TASK DATA:
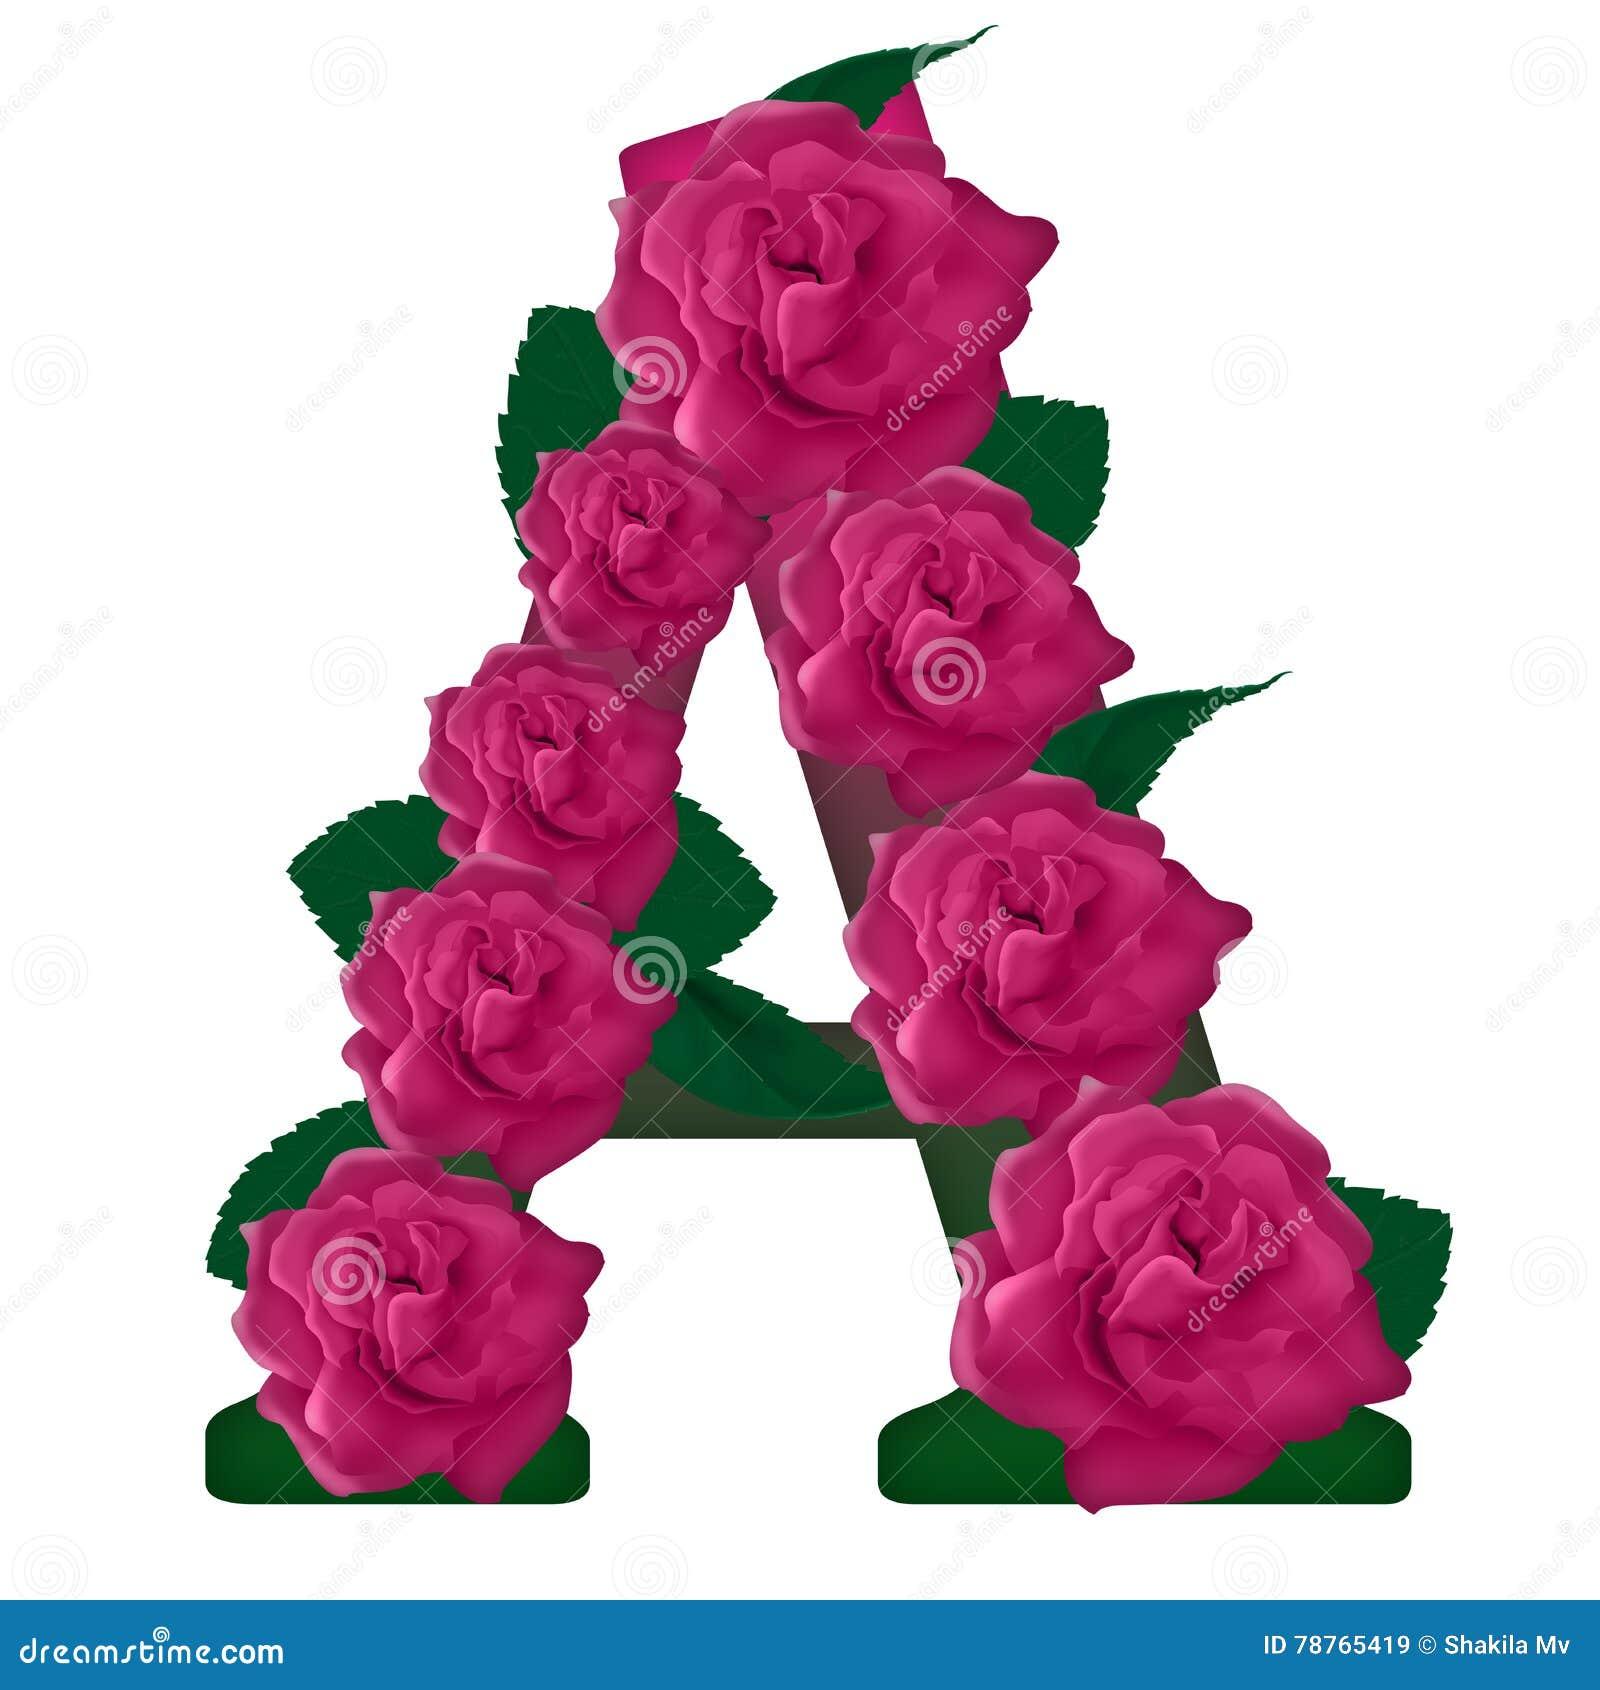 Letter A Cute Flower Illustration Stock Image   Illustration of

* * *

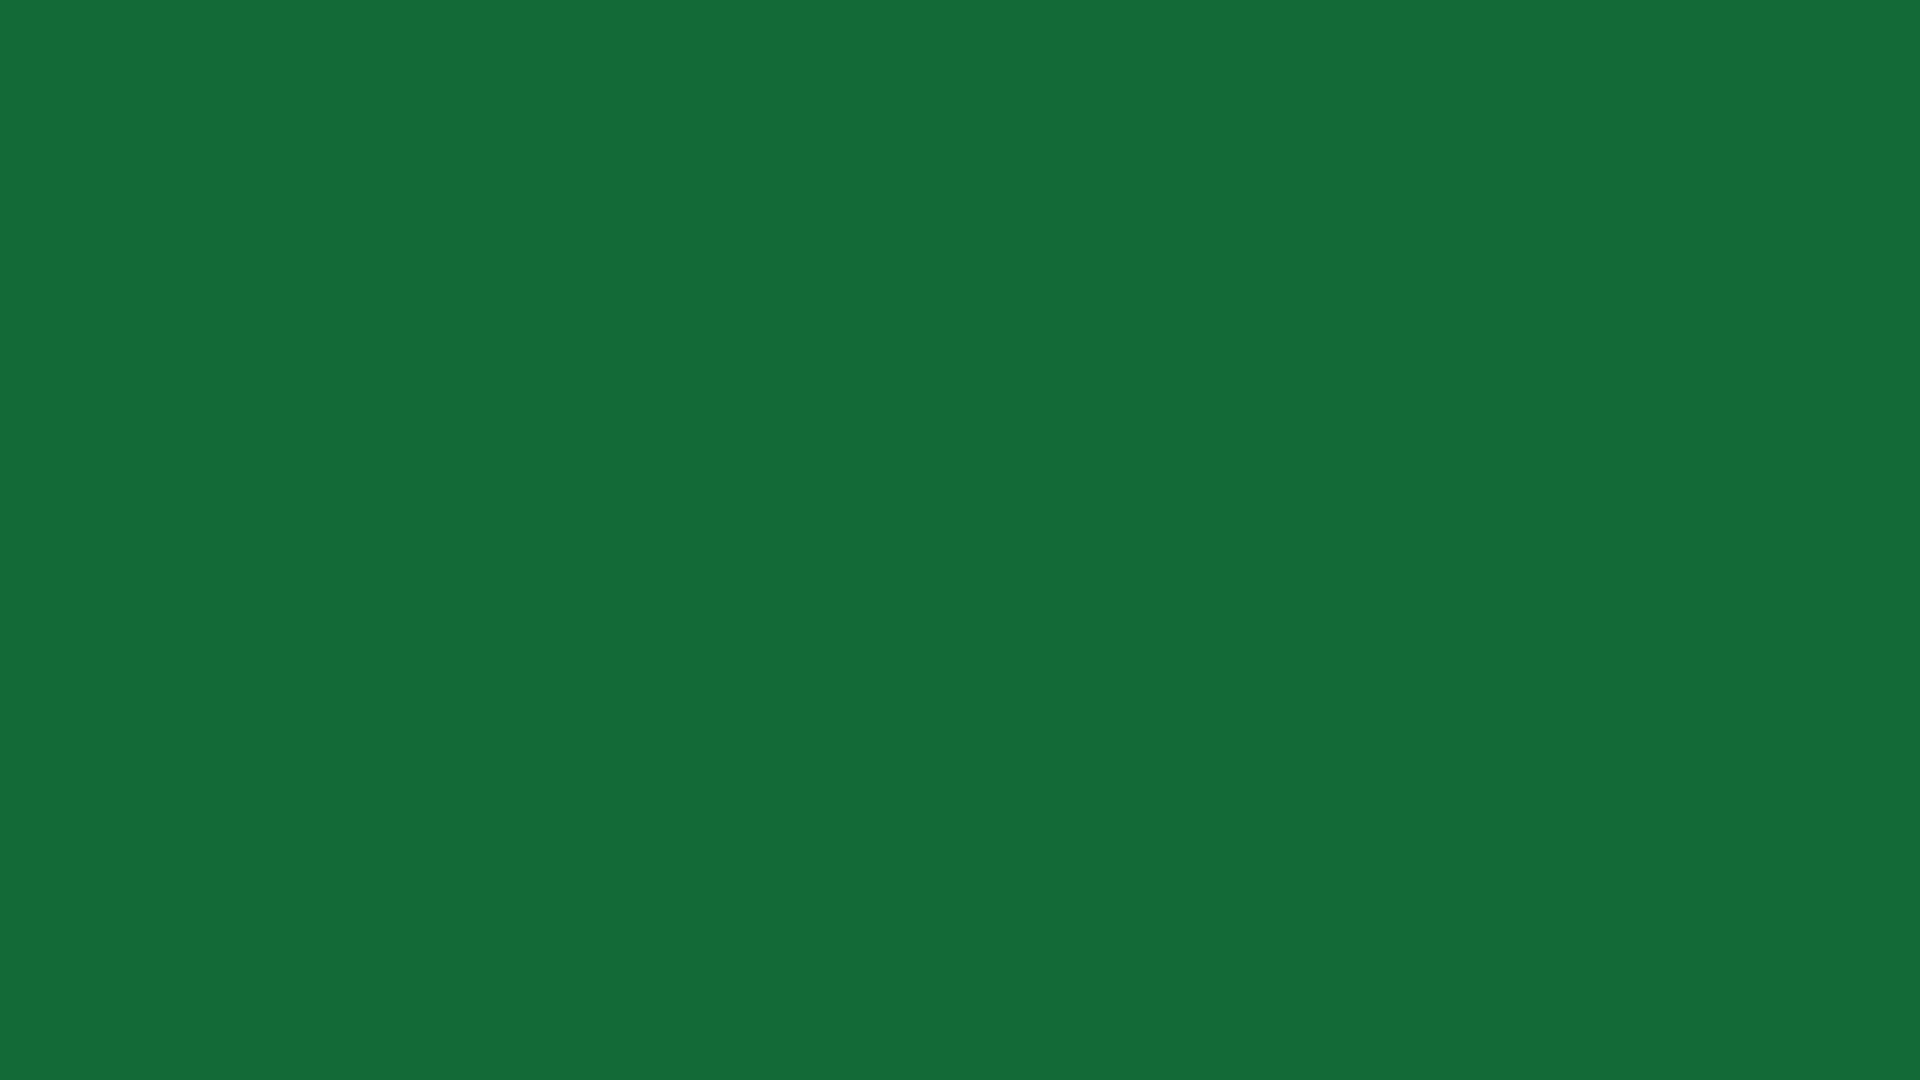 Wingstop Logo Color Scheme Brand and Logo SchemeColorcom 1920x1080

--

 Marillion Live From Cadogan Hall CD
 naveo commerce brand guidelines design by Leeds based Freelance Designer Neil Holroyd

WHAT NEEDS TO BE DONE: Above this instruction are the records; retype exactly the lines from the one containing "Marillion Live From Cadogan Hall CD" up to and including the one containing "naveo commerce brand".

RESPONSE:
 Marillion Live From Cadogan Hall CD
 naveo commerce brand guidelines design by Leeds based Freelance Designer Neil Holroyd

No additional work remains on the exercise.